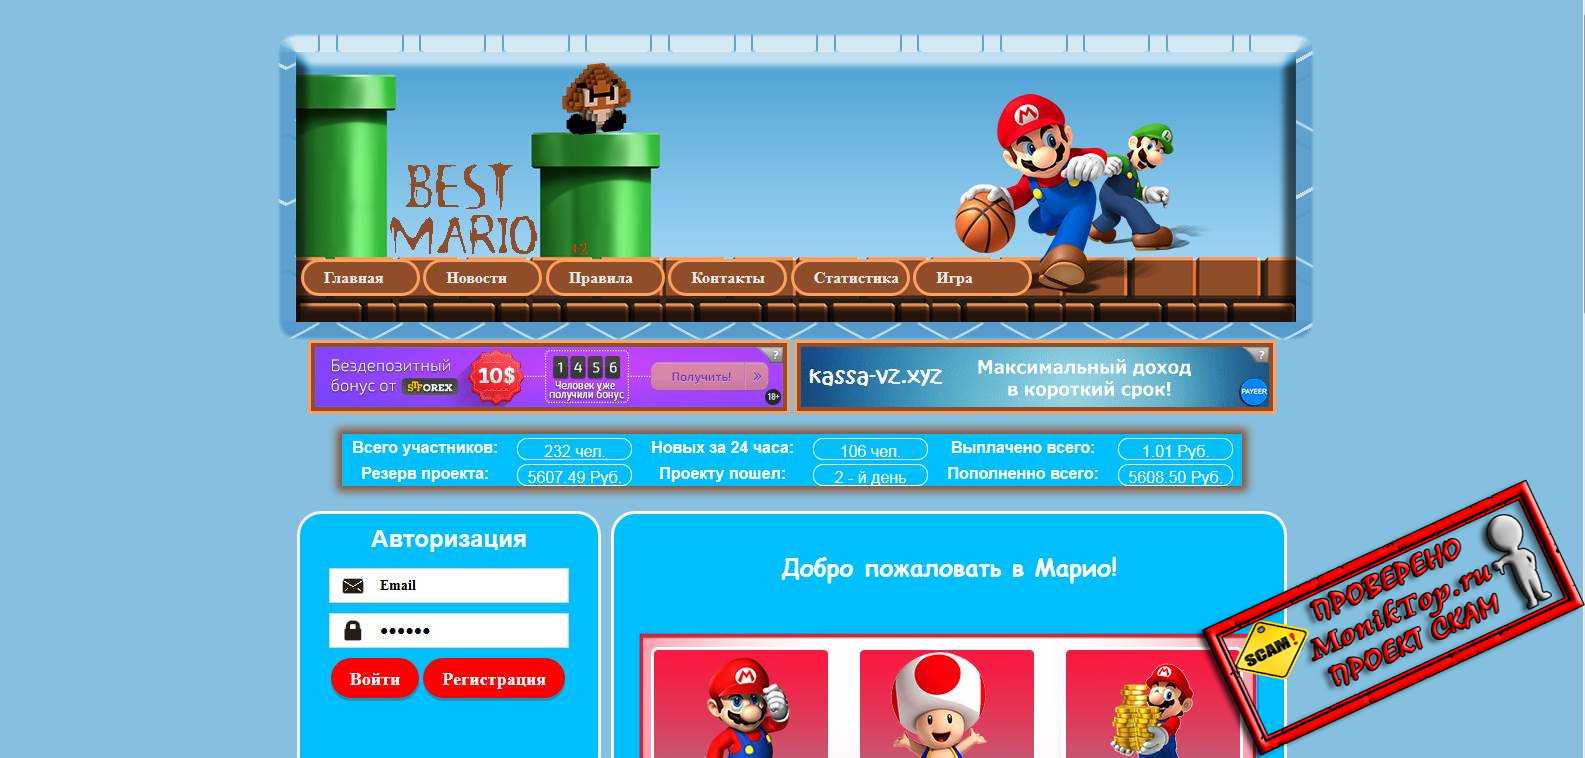 Best Mario
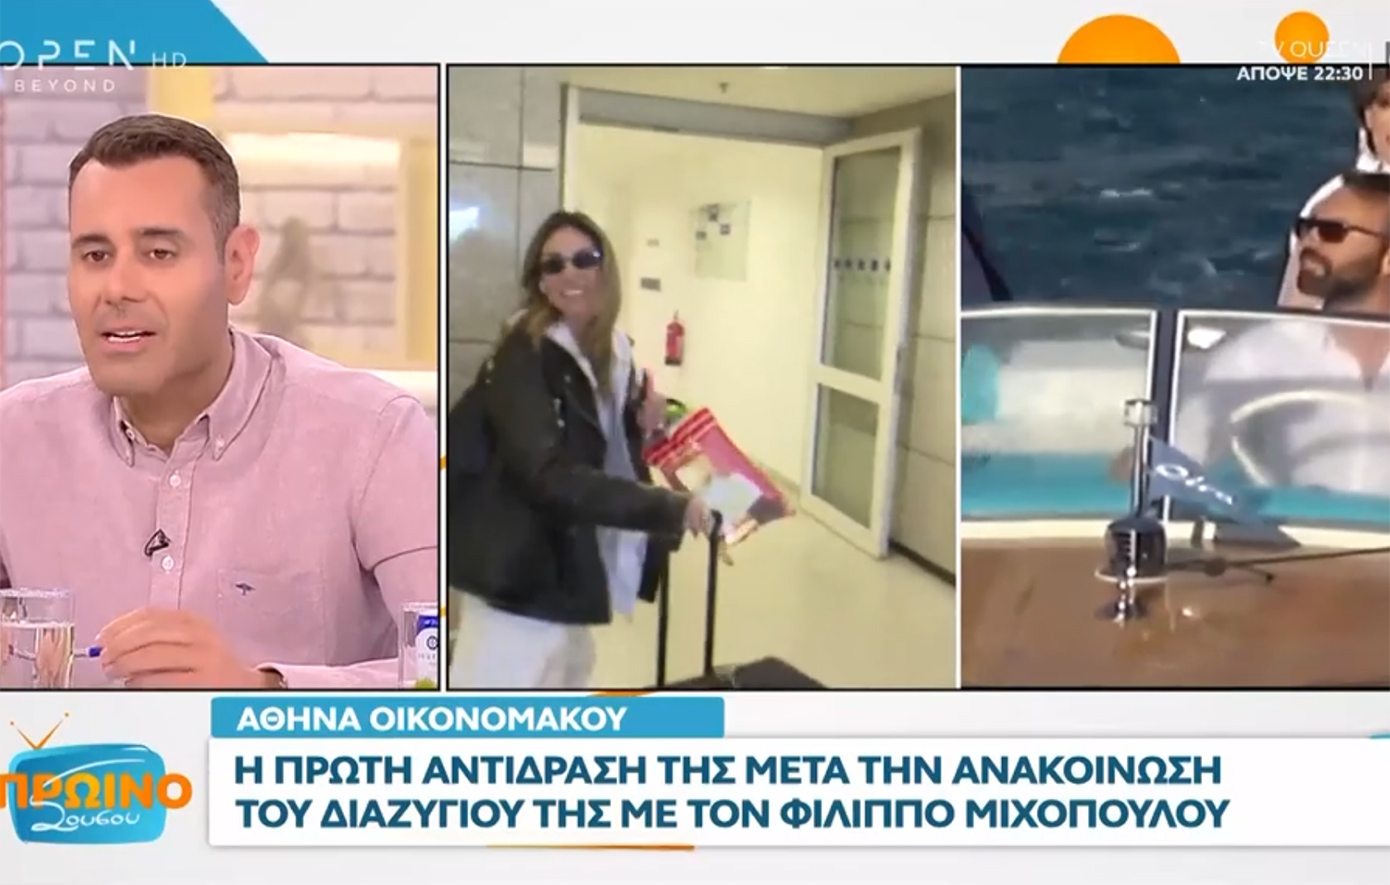 Νίκος Γεωργιάδης: Η Αθηνά Οικονομάκου έχει ήδη γυρίσει σελίδα στη ζωή της
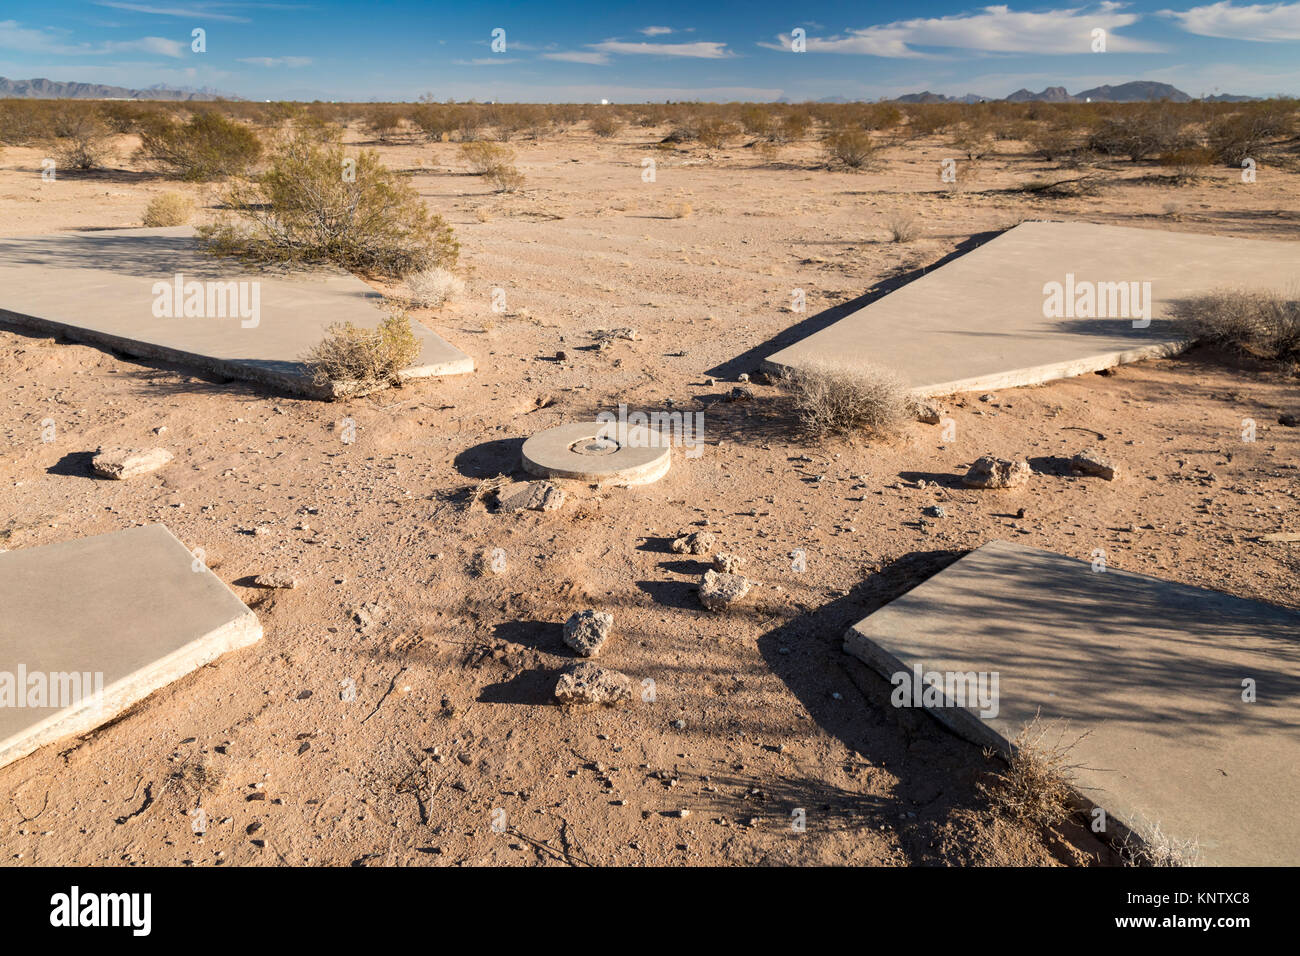 Casa Grande, Arizona - Eine von 256 Satelliten-Kalibrierung Marker in der Wüste von Arizona von der US Air Force und der Central Intelligence Agency platziert Stockfoto

----

#### EXERCISE
Transcribe the listing verbatim, pictures excluded.

#### TASK RESULT
 Best Mario
 Νίκος Γεωργιάδης: Η Αθηνά Οικονομάκου έχει ήδη γυρίσει σελίδα στη ζωή της
 Casa Grande, Arizona - Eine von 256 Satelliten-Kalibrierung Marker in der Wüste von Arizona von der US Air Force und der Central Intelligence Agency platziert Stockfoto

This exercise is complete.